- Developer: SNK
- Publisher: SNK
- Composer: Yasuo Yamate
- Series: Sengoku
- Platforms: Arcade, Neo Geo AES, Neo Geo CD
- Release: ArcadeWW: February 18, 1993; Neo Geo AESWW: April 9, 1993; Neo Geo CDJP: March 17, 1995; NA: October 1996;
- Genres: Beat 'em up, hack and slash
- Modes: Single-player, multiplayer
- Arcade system: Neo Geo MVS

= Sengoku 2 =

1993 video game

Sengoku 2 (Note: Also known as Legacy of the Warring States 2 (戦国伝承 2, Sengoku Denshō Tsū) in Japan.) is a 1993 beat 'em up video game developed and published by SNK for the Neo Geo arcade and home platforms. It is the second installment of the Sengoku series. It was first released for the Neo Geo and Neo Geo CD consoles. In 2009 the series was compiled on a CD titled Sengoku Anthology for the PlayStation 2 and Windows.

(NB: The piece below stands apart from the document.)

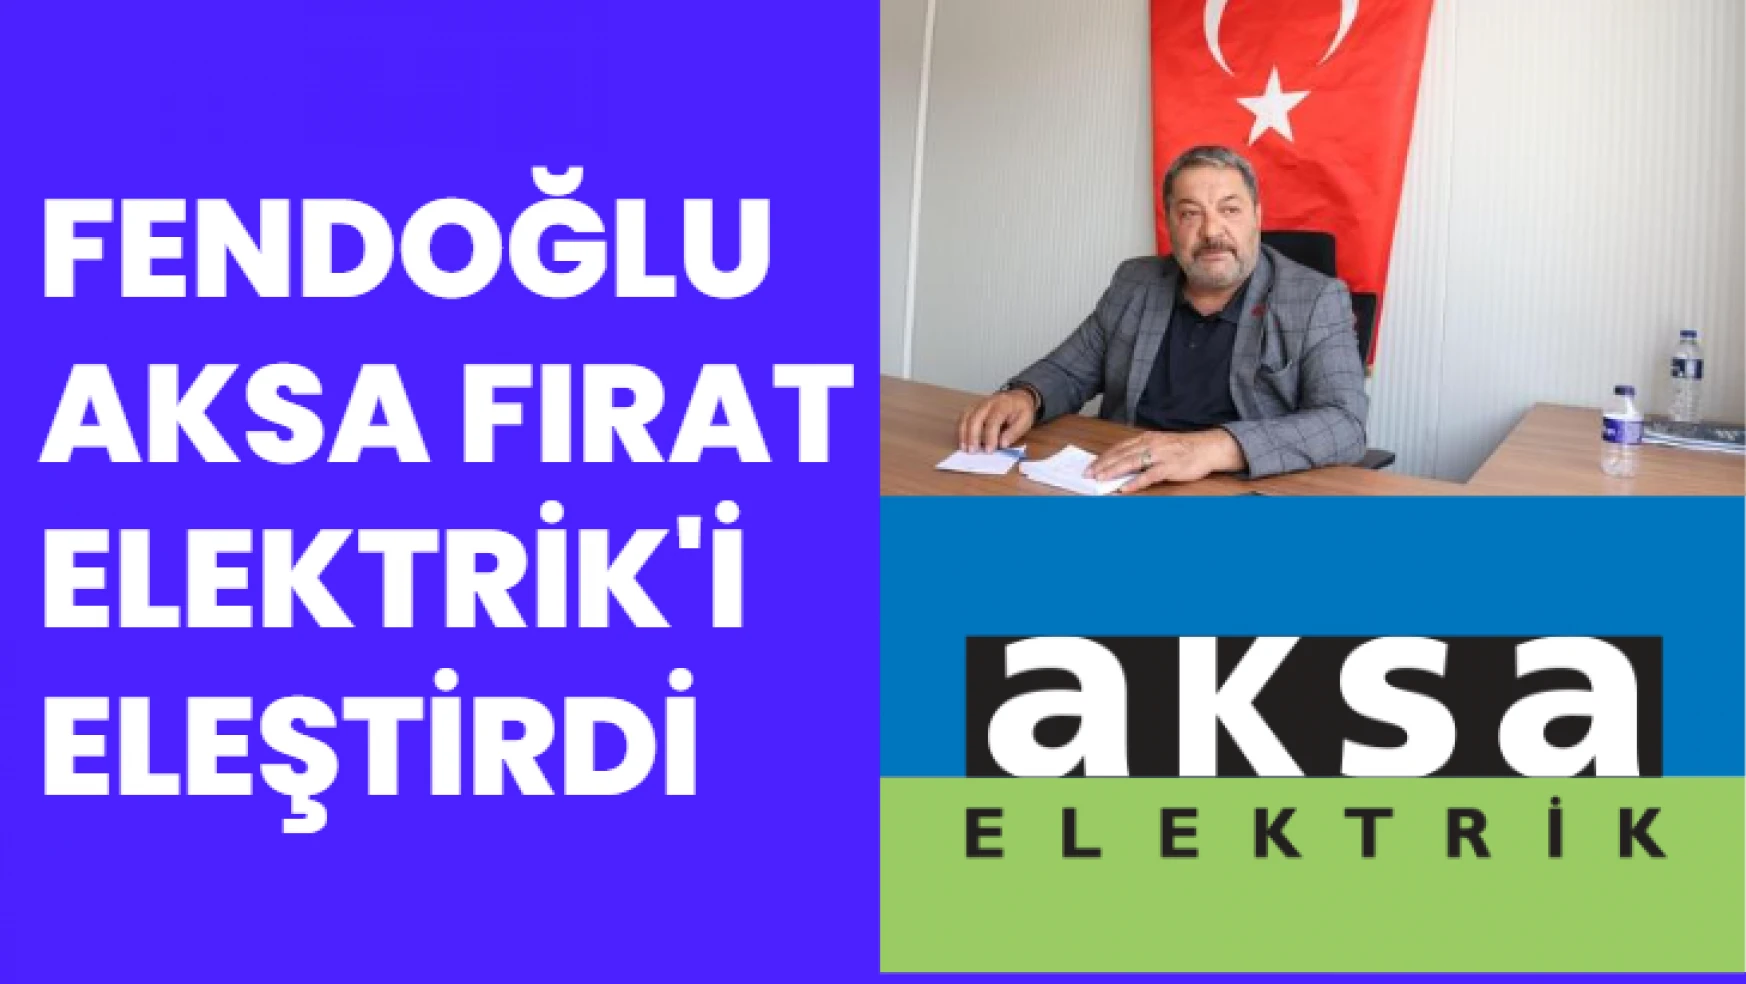 Fendoğlu Aksa Fırat Elektrik'i eleştirdi

The Neo Geo version was re-released on the Virtual Console for the Wii in Japan on November 8, 2012, and in the PAL region on February 7, 2013. Hamster Corporation re-released the game as part of their ACA Neo Geo series for the PlayStation 4, Xbox One, Nintendo Switch, Windows, Android and iOS.

== Gameplay ==

Gameplay screenshot.

The gameplay is similar to Sengoku, except that the playable character is constantly armed with a sword for they which can initiate wide plane attacks and vertical slashes. Pressing both attack buttons together allows the character to block or dodge attacks. Another button combo gets the character to perform a special trick attack. The character can also jump and do jump attacks. Occasionally the character would be mounted on horseback and have to carefully hack and slash enemies during a canter.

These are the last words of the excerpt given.